Capital Gains, Income Tax, VAITOS Compliance & What Investors Must Know
Mauritius has positioned itself as one of Africa’s most structured and regulator-friendly jurisdictions for digital assets. Unlike many countries where crypto taxation relies on interpretation, Mauritius combines clear financial regulation with a relatively simple tax regime.
If you’re trading, investing, running a crypto business, or structuring a Web3 company in Mauritius, this guide breaks down exactly how taxation works — based strictly on official law and regulatory guidance.
1. Is Cryptocurrency Legal in Mauritius?
Yes.
Cryptocurrency activity is legally recognized under the Virtual Asset and Initial Token Offering Services Act (VAITOS Act 2021).
The Act regulates:
Virtual asset service providers (VASPs)
Exchanges
Custodians
Brokers
ICO issuers
Oversight is handled by the Financial Services Commission (FSC Mauritius).
Important: While crypto is legal and regulated, licensing is required for businesses providing virtual asset services.
2. How Mauritius Classifies Crypto for Tax Purposes
Mauritius does not treat crypto as legal tender.

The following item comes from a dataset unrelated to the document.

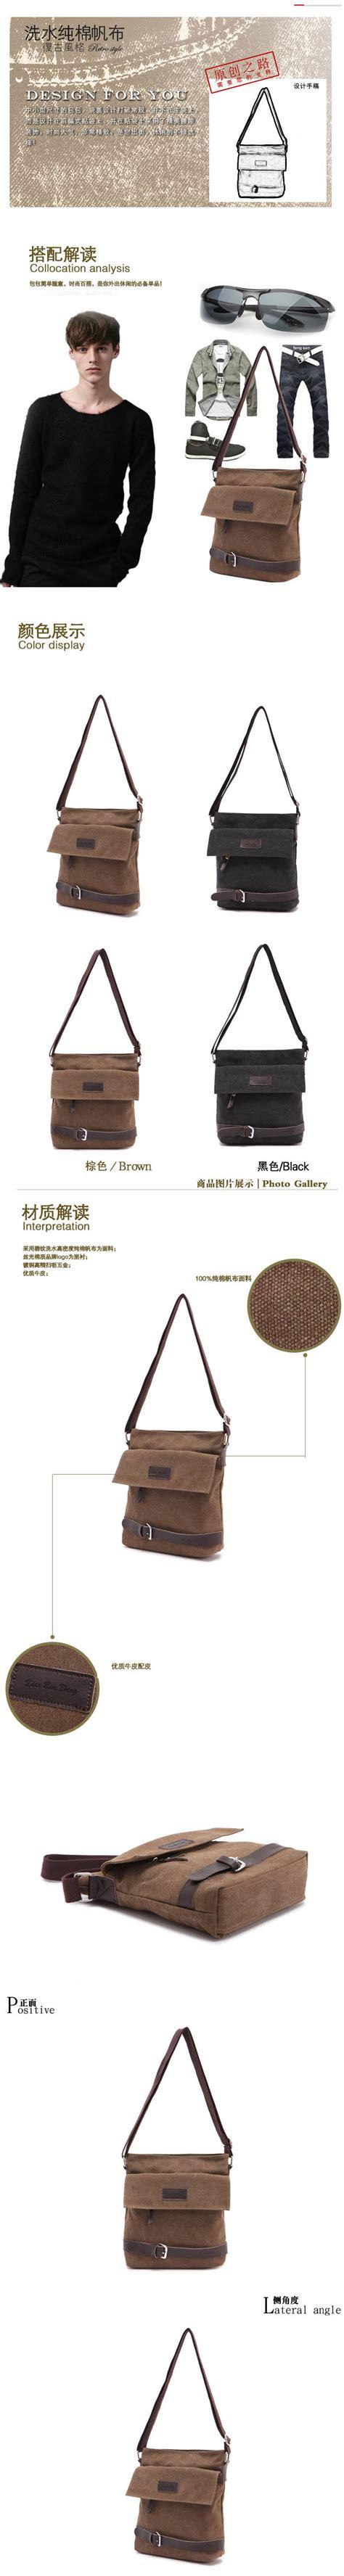 Slingbag Model sling bag vintage atau tas selempang

For tax purposes, digital assets are generally treated as:
Property / intangible assets
Trading stock (if part of business activity)

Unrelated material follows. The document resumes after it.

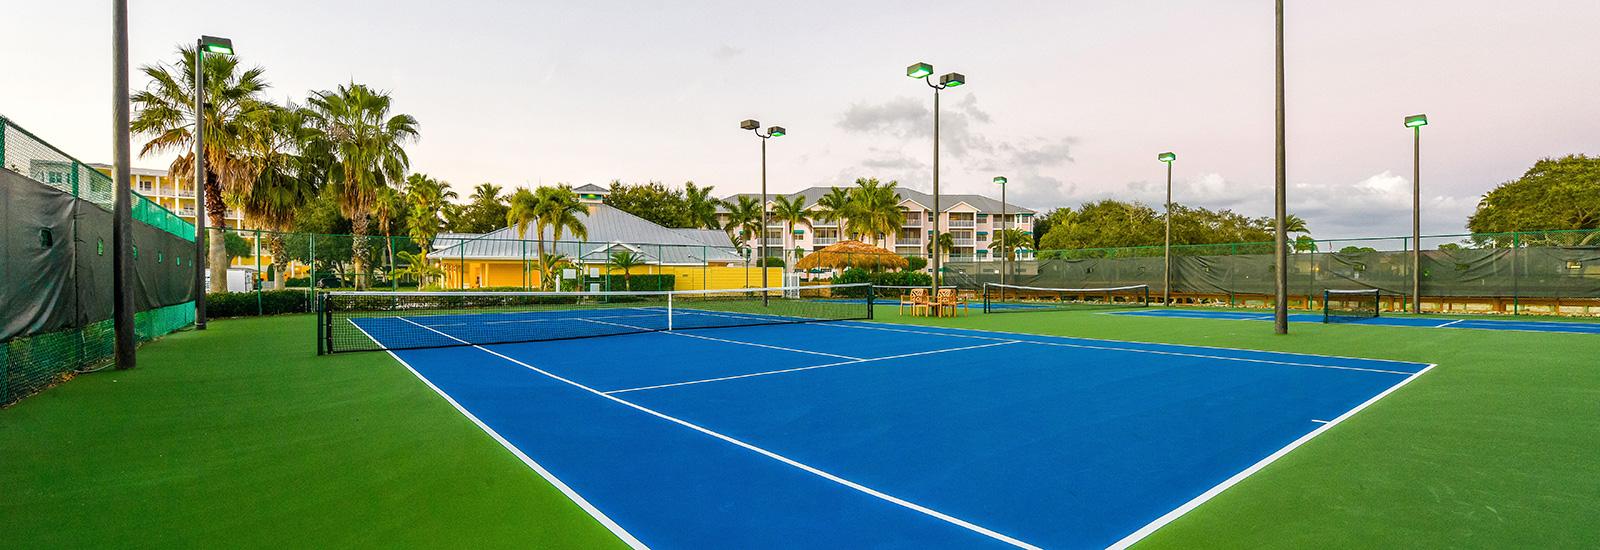 EdgewaterHB-tennis.jpg

Business income (if actively trading as a commercial operation)
The Mauritius Revenue Authority (MRA) applies the Income Tax Act framework rather than creating a separate crypto tax regime.
This distinction matters because Mauritius does not levy capital gains tax.

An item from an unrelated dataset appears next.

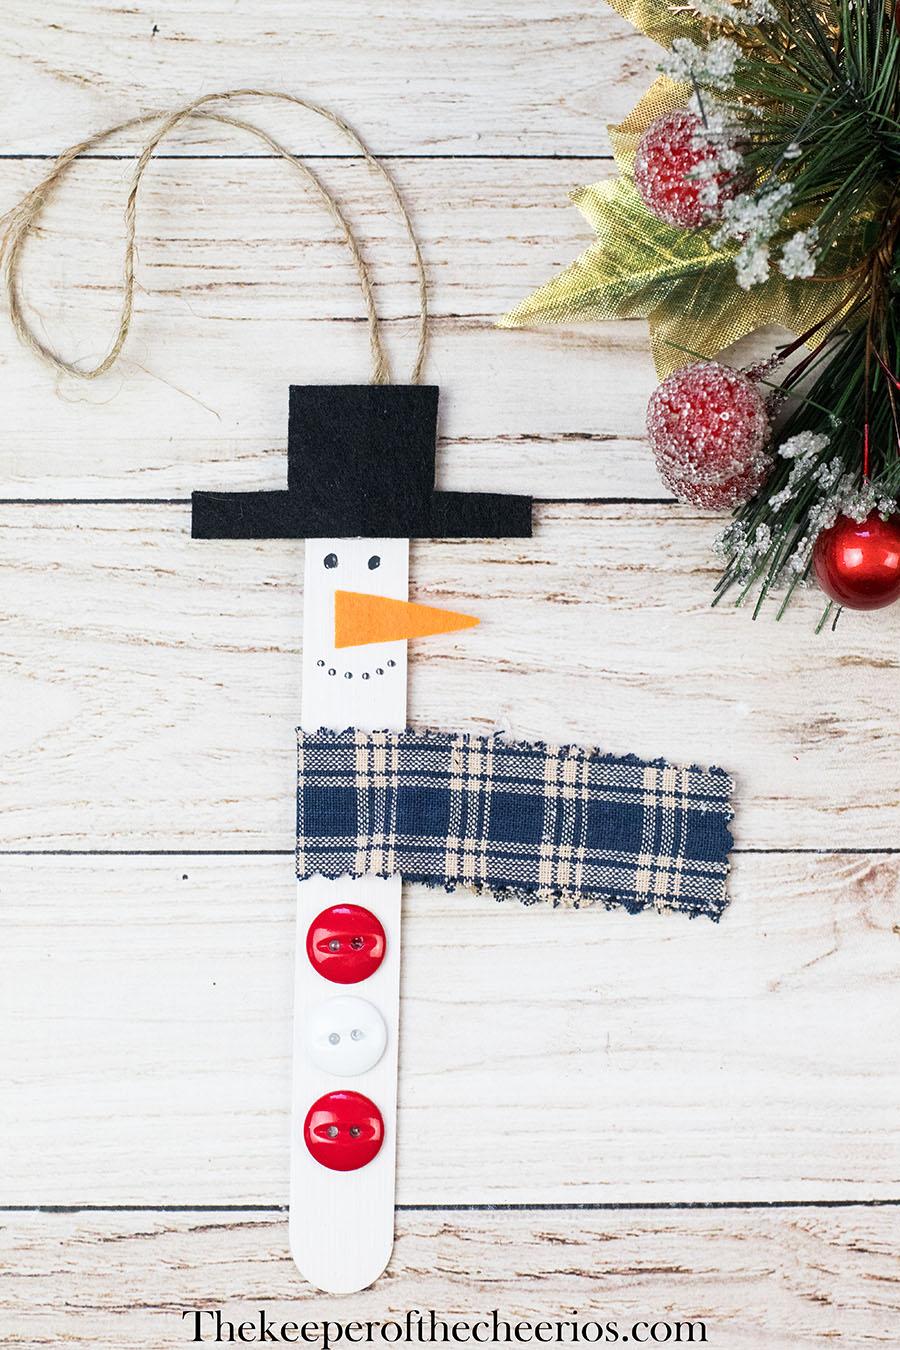 Craft-Stick-Snowman-Ornament-7

3. Is There Capital Gains Tax on Crypto in Mauritius?
No.
Mauritius does not impose capital gains tax.
This means:
If you:
Buy crypto personally
Hold as an investment
Later sell at a profit
That gain is generally not taxed.
However, this changes if:
Trading is frequent and systematic
You operate as a dealer
Crypto is part of your business model
In those cases, profits may be classified as taxable income.
This “capital vs income” distinction is critical.
4. When Crypto Profits Become Taxable
Crypto profits are taxed in Mauritius when they fall under income.
Examples of taxable crypto income:
Running a crypto exchange
Brokerage or custody services
Mining as a commercial activity
Staking income
Yield farming income
Accepting crypto as payment for services
Professional day trading activity
Taxable income is subject to:
Personal income tax rate: Up to 20% (depending on annual chargeable income thresholds)
Corporate tax rate: 15% standard rate
5. Corporate Crypto Taxation in Mauritius
For companies:
Corporate tax rate: 15%
Mauritius also offers:
Partial exemption regimes (subject to substance requirements)
No capital gains tax
No withholding tax on dividends
No foreign exchange controls
Crypto companies licensed under VAITOS must:
Register with the FSC
Maintain AML/CFT compliance
Keep audited financial statements
Follow reporting standards
Failure to license where required can result in penalties.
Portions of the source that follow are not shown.